The review confirms that it is very hard to point out a tool which can be applied in the CIRAS Tool. There are many tools which satisfy certain basic requirements and are able to assess and manage the risk in critical infrastructures, however they do not address sufficiently the CIRAS project requirements, especially those related to the following issues:
cross-sectoral risk management,
cooperation with the CBA and QCA components (using cost, benefit, and vague factors in the risk management process),
operations on the alternative packages of countermeasures,
easy integration (connectivity, source code availability, commonly used technologies).
During the review the OSCAD was analyzed in comparison with other tools. This is a general purpose tool (software platform) which, when developed, was not intended especially for CIs. The tool is very flexible. Its functionality satisfies the basic CI risk management requirements and there is also a chance to meet the CIRAS project requirements. The paper presents research allowing to explain these issues.
1.4. Paper Content
The paper presents the following: a risk management study (
Section 2) including the experimentation platform requirements, risk assessment method description, implementation of the requirements on the ready-made software platform, experiment plan workout, and the experimentation process.
Section 3 includes the experimentation summary, and
Section 4—the paper summary.
2. Risk Management Case Study
The case study is focused on the analysis how particular project requirements can be fulfilled by the OSCAD-based RRA, and shows step by step how this component has been developed according to the proposed risk management method.
2.1. General Requirements for Experimental Risk Manager
Basic requirements for the CI risk management tool were discussed in [
12]. Summarizing this discussion, the following requirements were proposed:
(1) The CI specific phenomena, such as common cause failures, cascading and escalating effects, as well as interdependencies between CIs [
5] should be considered in the risk management process.
(2) The bow-tie risk concept [
4,
18] is recommended for implementation as the conceptual model of the risk assessment tool. It embraces both causes of the given hazardous event and its diversified and multidirectional consequences.
(3) The CI risk register, as the managed inventory of hazardous events used in CIP programmes, should include at a minimum: related hazards/threats, corresponding hazardous event, probability of the event and its consequences. There are some other data associated with the risk register items, such as assets, societal critical functions, vulnerabilities, countermeasures, etc.

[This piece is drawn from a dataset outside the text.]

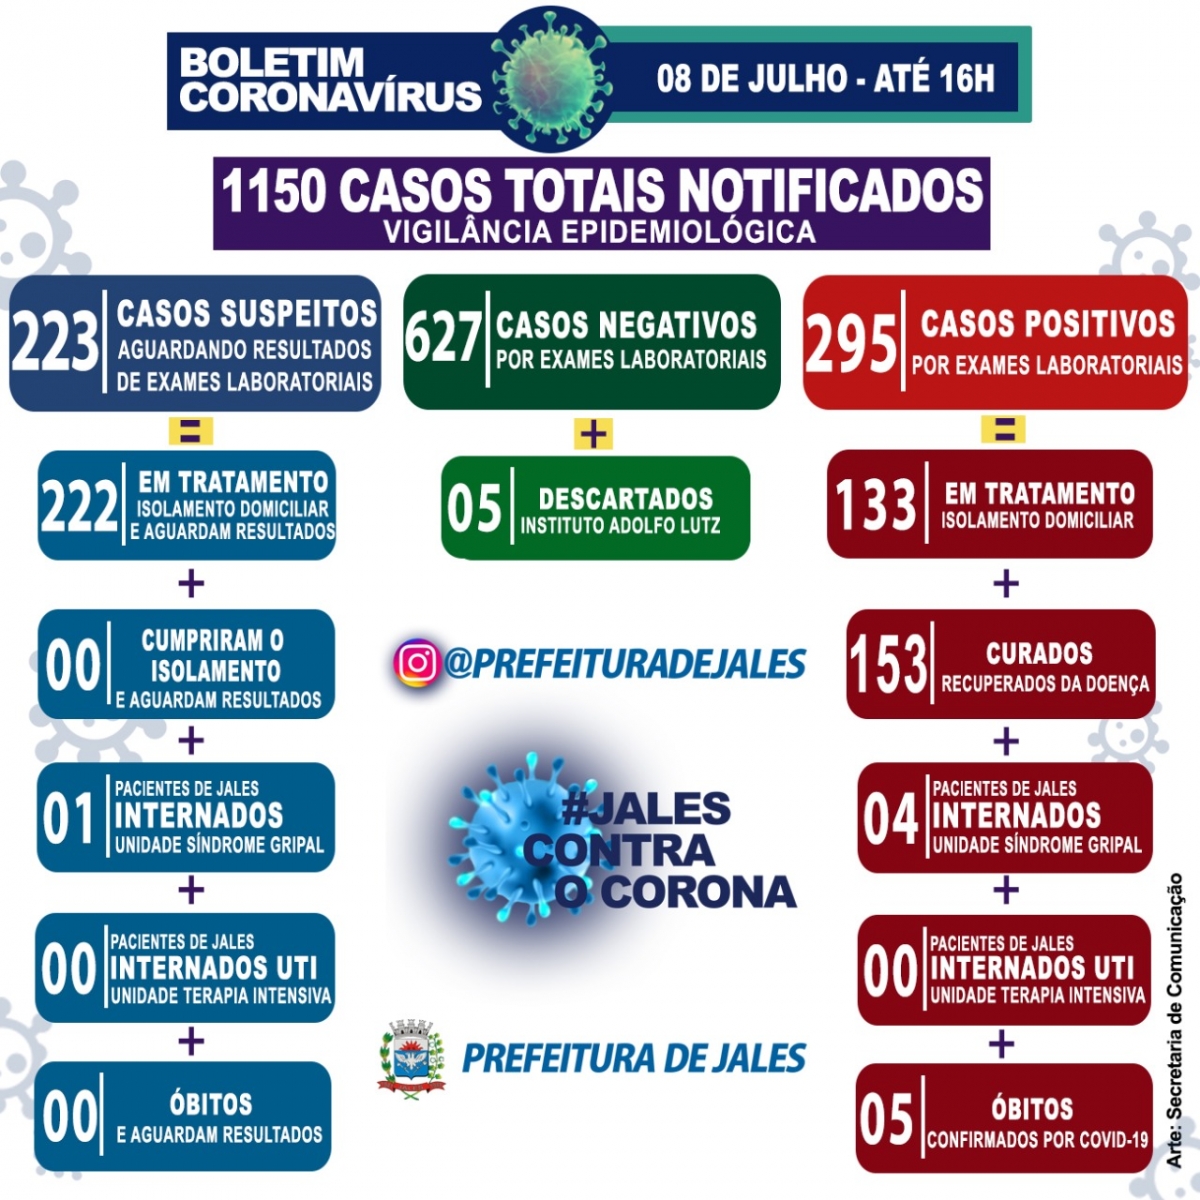 Jales - 24 horas o município registrou 58 notificações de casos suspeitos para a Covid-19 (Coronavírus).

(4) Risk measures and the assessment process should be defined for the given application domain. A common method is to assess the likelihood (probability, frequency) of a hazardous event, and to assess the consequence severity in different dimensions. Risk is the function of both, usually expressed by a risk matrix.
The following issues are relevant with respect to the CIRAS project requirements:
(1) The RRA component should be able:
to assess risk before a measure is implemented and reassess the risk for a certain number of security measures alternatives considered for implementation,
to consider cross-sectoral dependencies,
to take into account cost-benefits factors and qualitative criteria dealing with the security measures alternatives.
(2) RRA should exchange information with the CBA and QCA components during the decision process dealing with the security measures selection.
(3) RRA component should consider the CI specific phenomena, analyze causes and impacts of hazardous events, and manage the risk register data.
The data exchange between the components cannot be fully demonstrated, because the components have not been integrated yet.
2.2. Implementation Platform
The OSCAD software platform was chosen as the research platform [
13]. Initially, this platform was designed to support business continuity management in accordance with ISO 22301 and information security management in accordance with ISO/IEC 27001. The software can identify different disturbances of business processes and/or breaches of information assets in different companies and organizations. OSCAD helps to reduce their losses, caused by incidents, and can support the recovery process too. OSCAD is an open and flexible tool, therefore it can be adapted to protect assets or processes in different application domains, e.g.,: flood protection [
19], railway safety management systems [
20] and coal mining [
21]. The risk management functionality of OSCAD is of key importance to the protection of critical infrastructures.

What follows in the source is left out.